Our scope was the empirical treatment of fever (ie, treatment in the first 24 hours when a confirmed microbiologic or other cause was not available) in adult patients who had neutropenia according to results of laboratory testing. We first attempted to define the optimal FN care model within our institution. With an evidence-based review and the infectious disease physician stakeholders identified as subject matter experts, we used a modified Delphi approach to construct a care model on the basis of published guidelines and local practice. In the modified Delphi model, subject matter experts were asked to separately submit what they considered the most critical elements and pathways to optimal care of a patient with FN. Then, they were asked to vote anonymously on a ranking of these elements in sequential rounds of online voting. The separate submission and anonymous voting process were intended to facilitate experts’ convergence on an answer to a problem without concerns of disagreements leading to repercussions or rhetoric swaying opinions more than re-evaluation of evidence. When convergence on critical elements was consistent with the guidelines, we constructed a model identifying the critical elements for an evidence-based algorithm for local FN empirical care (Fig 1).
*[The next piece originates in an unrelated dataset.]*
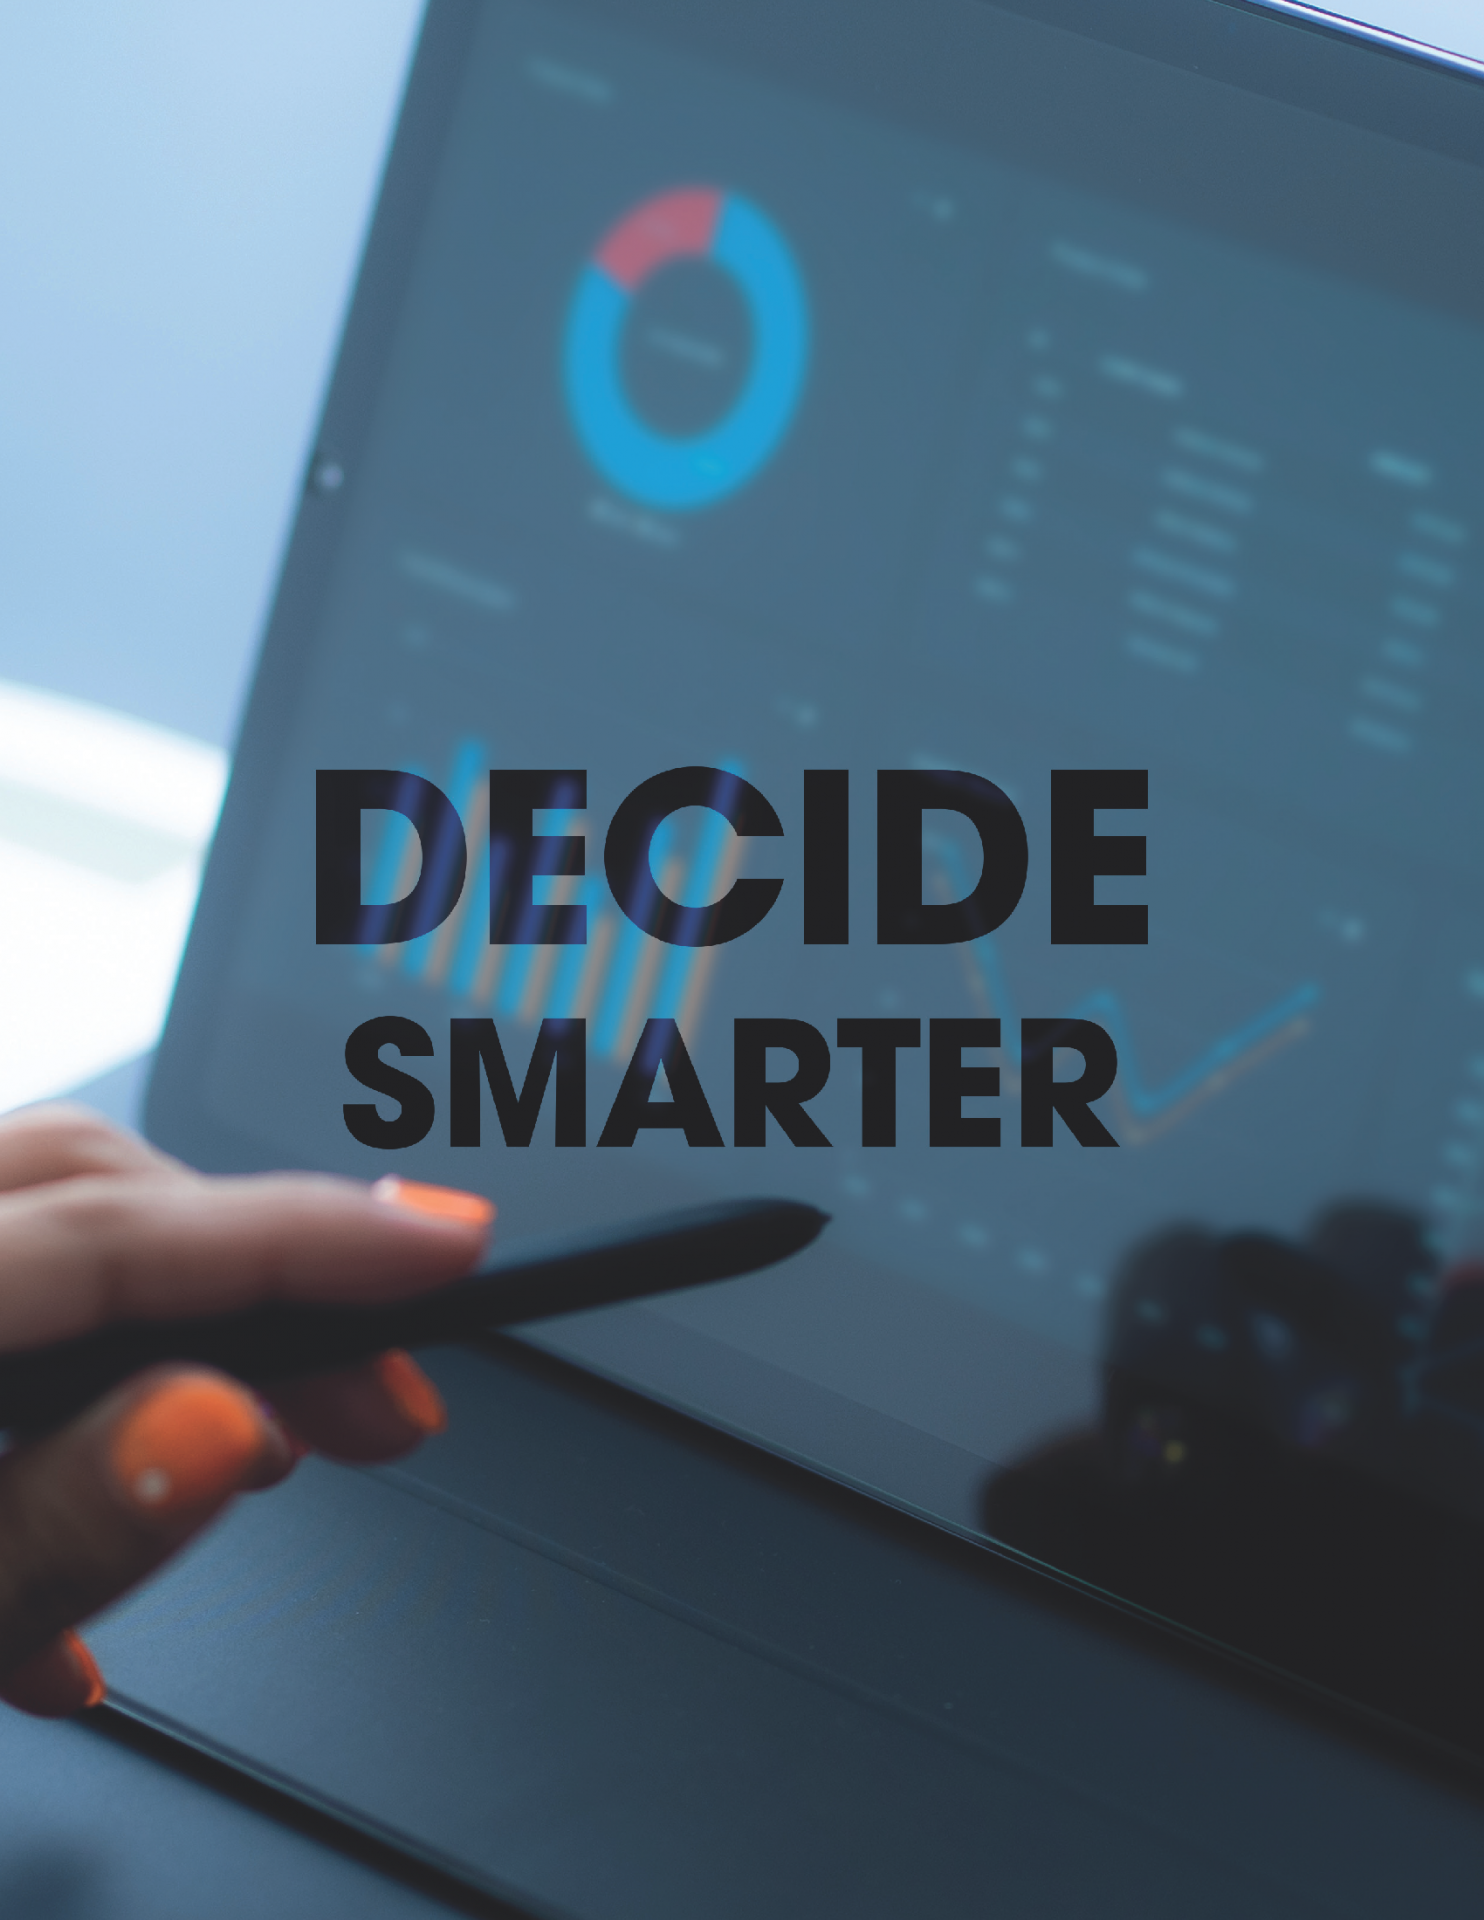 Market decide smarter

Fig 1. — Screenshot of the AskMayoExpert interface for the febrile neutropenia algorithm. PICC, peripherally inserted central catheter. (Used with permission of Mayo Foundation for Medical Education and Research.)
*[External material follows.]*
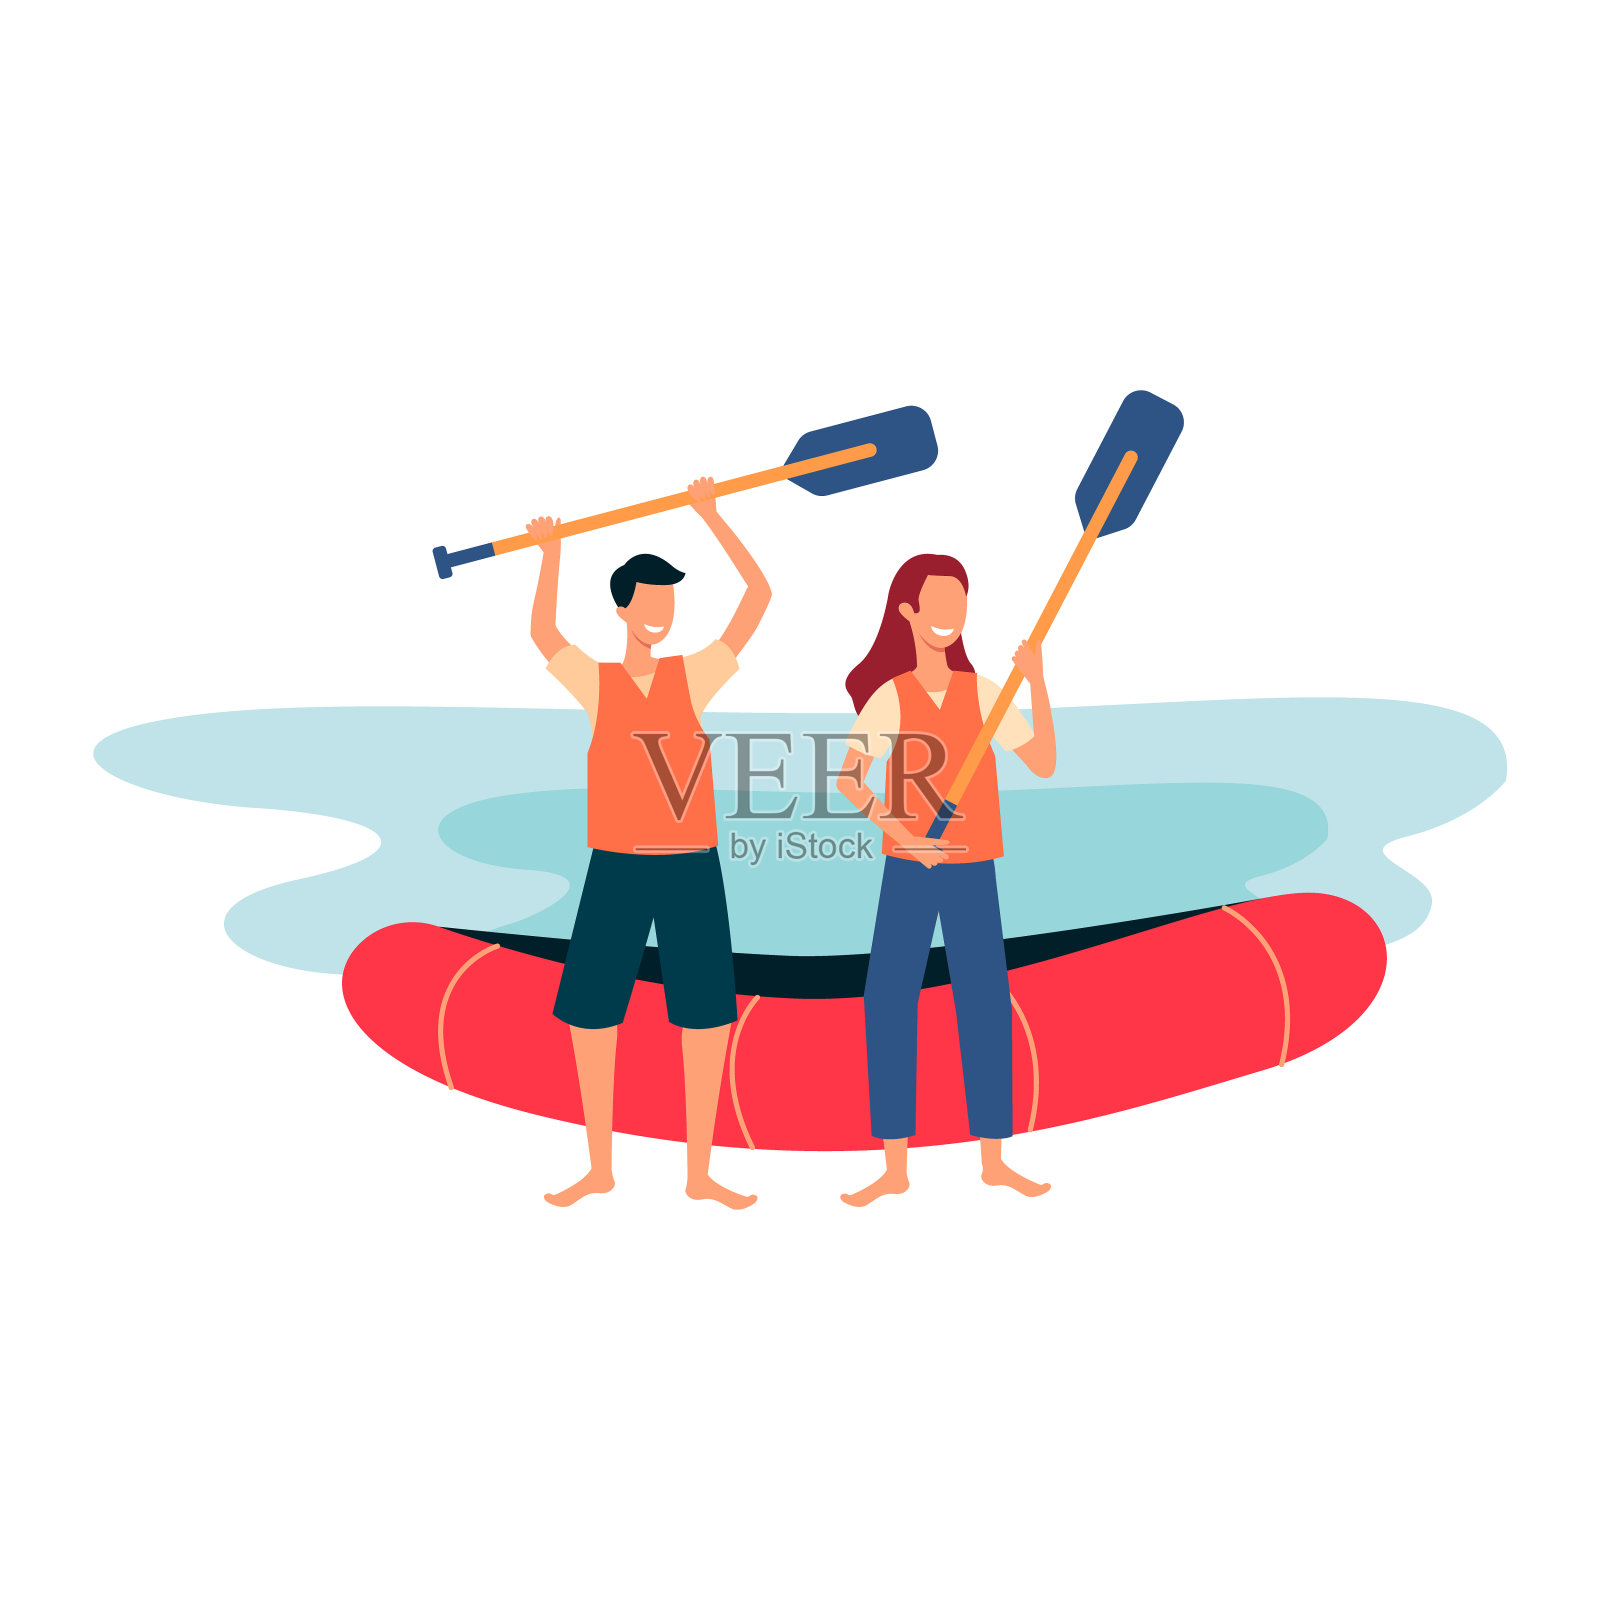 漂流终点线——卡通人物站在岸边，拿着船桨，面带微笑设计元素图片

Measuring Compliance With Best Practice

The algorithm was used to evaluate our baseline compliance with best practice. Errors were categorized as critical (ie, having more immediate clinical impact; pertaining to treatment or antibiotic choices or to major diagnostic studies, such as radiologic studies or invasive studies) or noncritical. This division between critical and noncritical processes was based on discussion with subject matter experts and considered those that affect care immediately (eg, invasive procedures and antibiotic choices) or have a high cost (invasive or radiologic studies) as critical, whereas deviation from laboratory testing was designated as noncritical.
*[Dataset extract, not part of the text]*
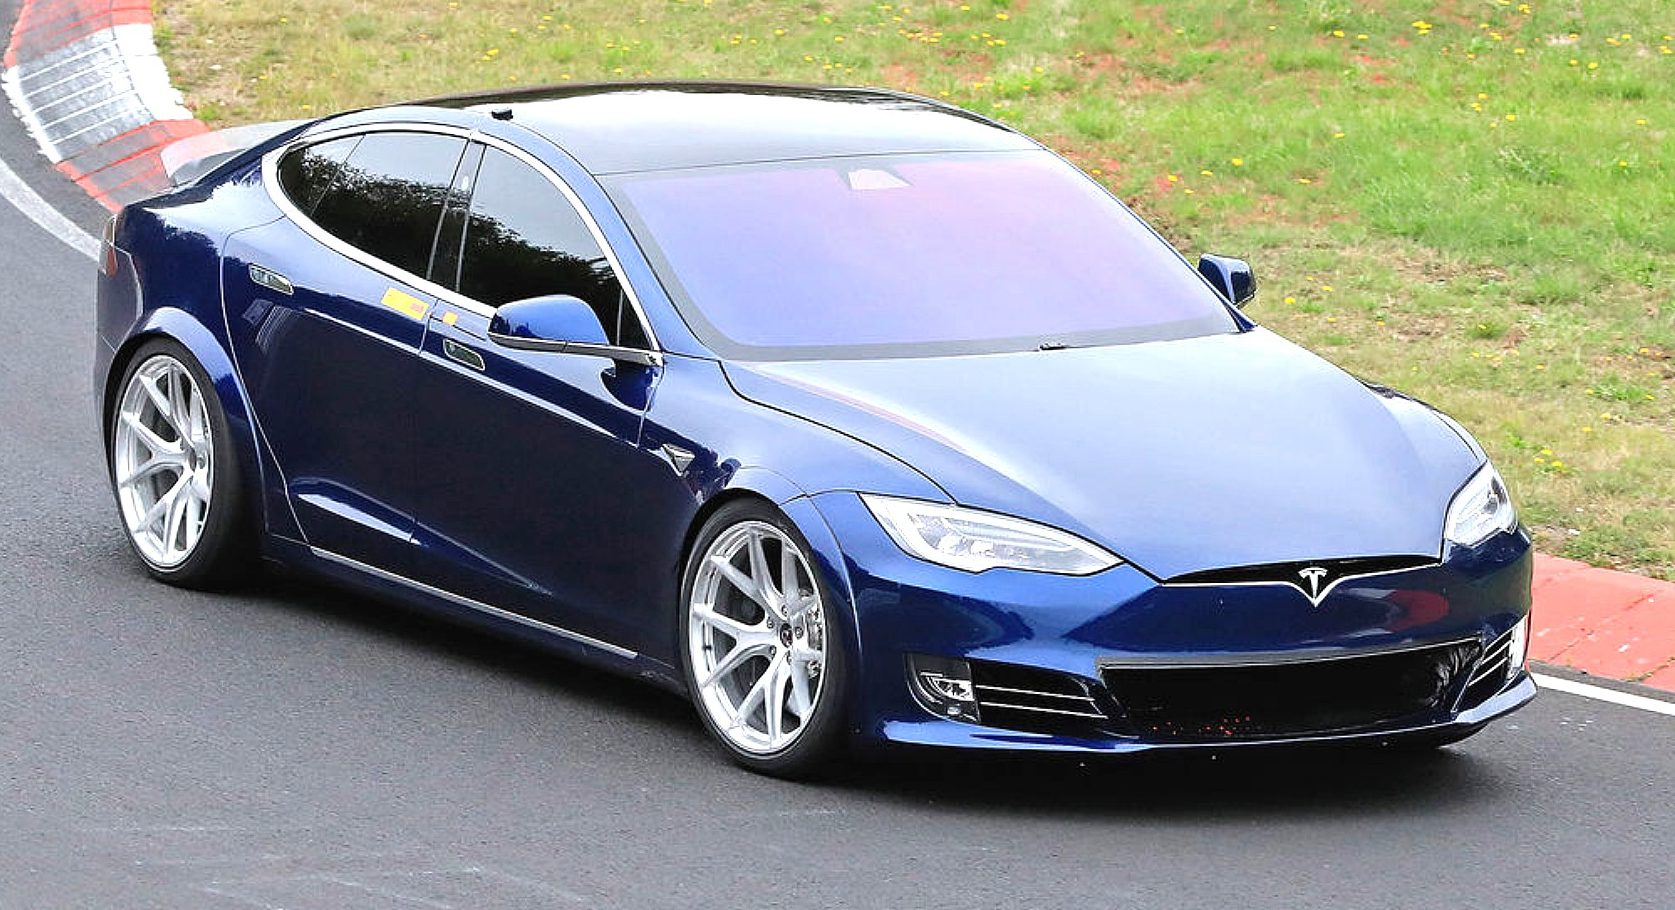 Tesla Model S Is Approaching A 400 Mile Range Says Elon Musk

Using Mayo Clinic’s Advanced Cohort Explorer, an electronic health record search tool, we identified all potential patients with FN admitted in a 2-month baseline period (January 1, 2016 through March 1, 2016). Patients with potential FN were identified based on a combination of text searching for terms pertaining to febrile neutropenia in clinical notes as well as admission vital signs and absolute neutrophil counts. Manual review was used to determine if these patients truly met the criteria of febrile neutropenia. We subsequently assessed whether antimicrobials, radiographs, and laboratory studies were each matched with recommendations from the algorithm. This same methodology was used for project-end and post-project measurements. Project-end measurements were performed when the content of our algorithm was in its final form; post-project measurements were conducted 3 months after broader dissemination of the algorithm.

Interventions

From our baseline assessment, we aimed to decrease critical deviations from optimal FN management by 50%. Through several focus group meetings, we identified several factors contributing to nonstandard care. The focus groups identified knowledge gaps in best practice for restrictive use of antimicrobials in FN and showed that the present ordering systems did not facilitate appropriate antimicrobial selection for FN. Because our institution was preparing for a change in the electronic health record system and a moratorium prevented modifying the order set modification, restructuring the ordering system was not feasible. Therefore, we focused on creating a tool to assist providers in identifying and using appropriate diagnostics and antimicrobial therapy for management of FN in the first 24 hours.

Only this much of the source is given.